Records from a data collection:
Start of Block

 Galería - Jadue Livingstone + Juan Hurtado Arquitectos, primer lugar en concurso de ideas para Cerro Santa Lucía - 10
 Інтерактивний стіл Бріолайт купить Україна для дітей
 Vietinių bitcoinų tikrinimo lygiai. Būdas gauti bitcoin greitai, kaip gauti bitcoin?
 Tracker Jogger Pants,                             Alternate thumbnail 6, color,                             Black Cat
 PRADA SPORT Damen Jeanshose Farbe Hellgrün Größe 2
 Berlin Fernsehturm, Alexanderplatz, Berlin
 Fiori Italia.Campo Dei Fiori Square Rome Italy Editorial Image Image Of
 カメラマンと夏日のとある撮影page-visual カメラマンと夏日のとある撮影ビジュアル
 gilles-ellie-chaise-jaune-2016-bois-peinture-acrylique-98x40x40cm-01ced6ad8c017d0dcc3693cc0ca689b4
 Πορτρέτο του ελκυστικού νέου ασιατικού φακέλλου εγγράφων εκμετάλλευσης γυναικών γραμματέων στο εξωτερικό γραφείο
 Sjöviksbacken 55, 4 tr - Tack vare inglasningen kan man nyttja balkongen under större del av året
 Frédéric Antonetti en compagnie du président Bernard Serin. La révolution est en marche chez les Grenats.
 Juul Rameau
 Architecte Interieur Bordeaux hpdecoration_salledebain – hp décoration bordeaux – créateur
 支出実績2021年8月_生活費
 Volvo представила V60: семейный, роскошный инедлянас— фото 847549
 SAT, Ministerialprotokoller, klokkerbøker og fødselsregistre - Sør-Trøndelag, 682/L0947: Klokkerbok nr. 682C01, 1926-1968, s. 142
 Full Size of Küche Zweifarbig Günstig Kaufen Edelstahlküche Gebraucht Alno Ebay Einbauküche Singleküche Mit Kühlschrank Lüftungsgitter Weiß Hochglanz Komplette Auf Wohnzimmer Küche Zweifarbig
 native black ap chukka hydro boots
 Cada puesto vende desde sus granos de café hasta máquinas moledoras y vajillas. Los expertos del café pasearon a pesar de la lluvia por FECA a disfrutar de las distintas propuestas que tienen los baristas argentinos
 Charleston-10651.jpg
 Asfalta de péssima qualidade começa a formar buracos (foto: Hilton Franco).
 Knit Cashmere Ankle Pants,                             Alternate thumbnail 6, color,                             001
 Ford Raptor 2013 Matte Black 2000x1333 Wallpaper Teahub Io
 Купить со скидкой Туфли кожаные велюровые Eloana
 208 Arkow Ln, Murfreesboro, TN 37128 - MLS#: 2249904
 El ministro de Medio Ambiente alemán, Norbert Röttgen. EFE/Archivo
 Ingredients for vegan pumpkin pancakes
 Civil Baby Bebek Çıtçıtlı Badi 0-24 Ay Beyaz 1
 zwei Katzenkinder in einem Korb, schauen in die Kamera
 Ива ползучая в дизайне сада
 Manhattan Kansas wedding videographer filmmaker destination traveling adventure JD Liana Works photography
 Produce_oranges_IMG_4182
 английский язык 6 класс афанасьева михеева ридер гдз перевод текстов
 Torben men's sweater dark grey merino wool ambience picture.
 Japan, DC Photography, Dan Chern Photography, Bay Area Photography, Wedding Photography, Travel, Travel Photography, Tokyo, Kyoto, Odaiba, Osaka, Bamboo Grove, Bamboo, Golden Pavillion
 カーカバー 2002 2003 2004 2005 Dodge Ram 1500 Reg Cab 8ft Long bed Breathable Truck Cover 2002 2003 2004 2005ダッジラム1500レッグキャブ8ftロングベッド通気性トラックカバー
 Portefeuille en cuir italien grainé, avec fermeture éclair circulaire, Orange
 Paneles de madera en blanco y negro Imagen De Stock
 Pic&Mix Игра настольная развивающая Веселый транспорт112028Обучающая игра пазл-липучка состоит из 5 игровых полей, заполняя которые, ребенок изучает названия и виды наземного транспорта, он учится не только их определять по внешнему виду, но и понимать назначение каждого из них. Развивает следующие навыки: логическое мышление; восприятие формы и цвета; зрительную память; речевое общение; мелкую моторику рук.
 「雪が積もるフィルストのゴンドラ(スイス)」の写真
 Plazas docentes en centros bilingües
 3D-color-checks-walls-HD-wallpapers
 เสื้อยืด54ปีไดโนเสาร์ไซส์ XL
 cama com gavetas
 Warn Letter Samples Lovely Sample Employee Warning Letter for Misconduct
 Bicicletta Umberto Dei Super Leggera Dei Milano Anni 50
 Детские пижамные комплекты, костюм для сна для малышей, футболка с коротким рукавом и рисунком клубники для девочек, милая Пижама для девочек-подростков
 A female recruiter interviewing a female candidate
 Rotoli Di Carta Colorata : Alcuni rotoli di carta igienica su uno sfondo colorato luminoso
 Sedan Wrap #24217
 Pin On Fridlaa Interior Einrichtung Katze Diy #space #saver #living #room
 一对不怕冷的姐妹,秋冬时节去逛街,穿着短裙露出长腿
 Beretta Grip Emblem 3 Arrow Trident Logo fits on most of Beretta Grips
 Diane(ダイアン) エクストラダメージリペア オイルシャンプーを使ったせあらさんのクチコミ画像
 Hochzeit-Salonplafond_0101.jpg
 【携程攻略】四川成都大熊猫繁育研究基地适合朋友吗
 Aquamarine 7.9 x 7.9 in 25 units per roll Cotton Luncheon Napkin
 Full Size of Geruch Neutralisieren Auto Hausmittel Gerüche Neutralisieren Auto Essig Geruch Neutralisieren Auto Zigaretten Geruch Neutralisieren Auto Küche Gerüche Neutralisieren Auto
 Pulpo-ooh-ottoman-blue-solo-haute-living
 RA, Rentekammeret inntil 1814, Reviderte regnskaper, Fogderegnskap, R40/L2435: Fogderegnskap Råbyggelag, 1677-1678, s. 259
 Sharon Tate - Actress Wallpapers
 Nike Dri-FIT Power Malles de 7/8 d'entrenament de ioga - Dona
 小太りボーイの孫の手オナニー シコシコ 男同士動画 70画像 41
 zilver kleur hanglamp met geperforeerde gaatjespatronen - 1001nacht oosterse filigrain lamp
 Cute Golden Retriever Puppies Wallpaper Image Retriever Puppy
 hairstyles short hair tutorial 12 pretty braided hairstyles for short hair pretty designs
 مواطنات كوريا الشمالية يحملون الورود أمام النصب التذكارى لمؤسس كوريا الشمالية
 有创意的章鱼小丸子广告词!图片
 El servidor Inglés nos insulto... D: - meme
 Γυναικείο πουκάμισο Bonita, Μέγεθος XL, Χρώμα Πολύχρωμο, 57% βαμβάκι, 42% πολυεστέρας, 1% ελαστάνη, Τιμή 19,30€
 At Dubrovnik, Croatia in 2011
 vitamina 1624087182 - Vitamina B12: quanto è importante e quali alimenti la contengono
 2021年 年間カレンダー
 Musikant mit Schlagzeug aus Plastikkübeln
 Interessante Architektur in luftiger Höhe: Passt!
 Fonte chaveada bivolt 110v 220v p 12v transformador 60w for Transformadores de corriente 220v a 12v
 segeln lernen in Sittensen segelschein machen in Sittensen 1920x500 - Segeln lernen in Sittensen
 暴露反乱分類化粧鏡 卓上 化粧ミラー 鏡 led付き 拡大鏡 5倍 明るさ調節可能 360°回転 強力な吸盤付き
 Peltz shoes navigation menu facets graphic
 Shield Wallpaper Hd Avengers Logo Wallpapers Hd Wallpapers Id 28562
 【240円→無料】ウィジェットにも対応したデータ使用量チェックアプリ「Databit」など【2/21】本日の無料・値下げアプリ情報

End of Block

Your goal: Check every line of the records above for the string "Size". Copy those that hold it.

Solution for this problem:
 Full Size of Küche Zweifarbig Günstig Kaufen Edelstahlküche Gebraucht Alno Ebay Einbauküche Singleküche Mit Kühlschrank Lüftungsgitter Weiß Hochglanz Komplette Auf Wohnzimmer Küche Zweifarbig
 Full Size of Geruch Neutralisieren Auto Hausmittel Gerüche Neutralisieren Auto Essig Geruch Neutralisieren Auto Zigaretten Geruch Neutralisieren Auto Küche Gerüche Neutralisieren Auto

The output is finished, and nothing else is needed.